Question:9: The angular speed of a fly wheel moving with uniform angular acceleration changes from 1200 rpm to 3120 rpm in 16 seconds. The angular acceleration in \mathrm{rad} / \mathrm{s}^{2} is
(1) 12 \pi
(2) \quad 104 \pi
(3) 2 \pi
(4) \quad 4 \pi
Answer: Option (4)
Explanation:
The initial angular speed is given as 1200 rpm. Converting it into \mathrm{rad\,s^{-1}},
\omega_1 = 1200 \times \frac{2\pi}{60} = 40\pi \ \mathrm{rad\,s^{-1}}.
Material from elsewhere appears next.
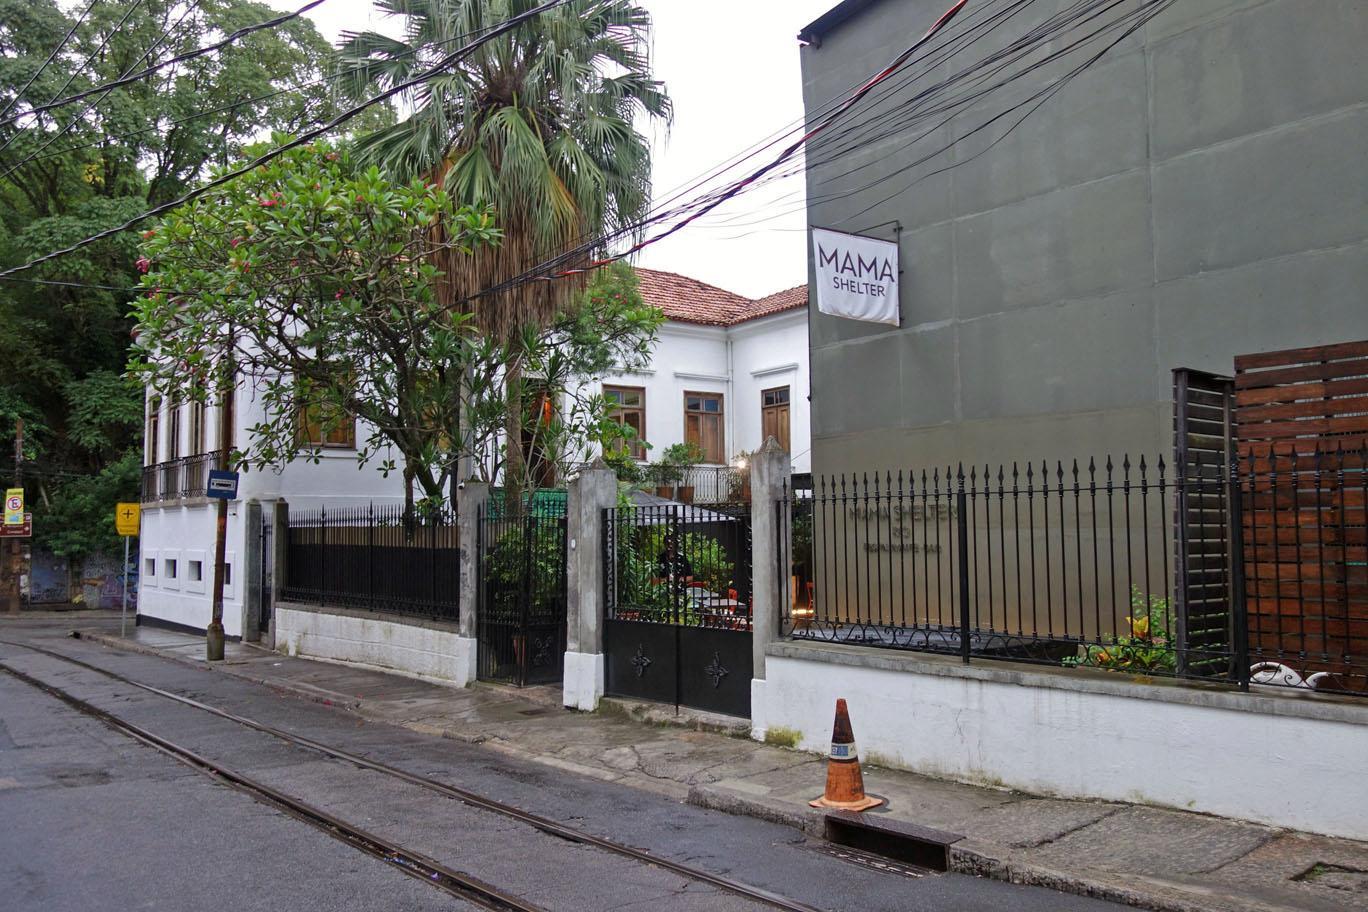 Обзор: Mama Shelter, Рио-де-Жанейро

The final angular speed is 3120 rpm. Converting it into \mathrm{rad\,s^{-1}},
\omega_2 = 3120 \times \frac{2\pi}{60} = 104\pi \ \mathrm{rad\,s^{-1}}.
The time interval is t = 16 \ \mathrm{s}.
For uniform angular acceleration, the relation between angular speeds is
\alpha = \frac{\omega_2 - \omega_1}{t}.
Substituting the values,
\alpha = \frac{104\pi - 40\pi}{16} = \frac{64\pi}{16} = 4\pi \ \mathrm{rad\,s^{-2}}.
Hence, the angular acceleration of the fly wheel is 4\pi \ \mathrm{rad\,s^{-2}}.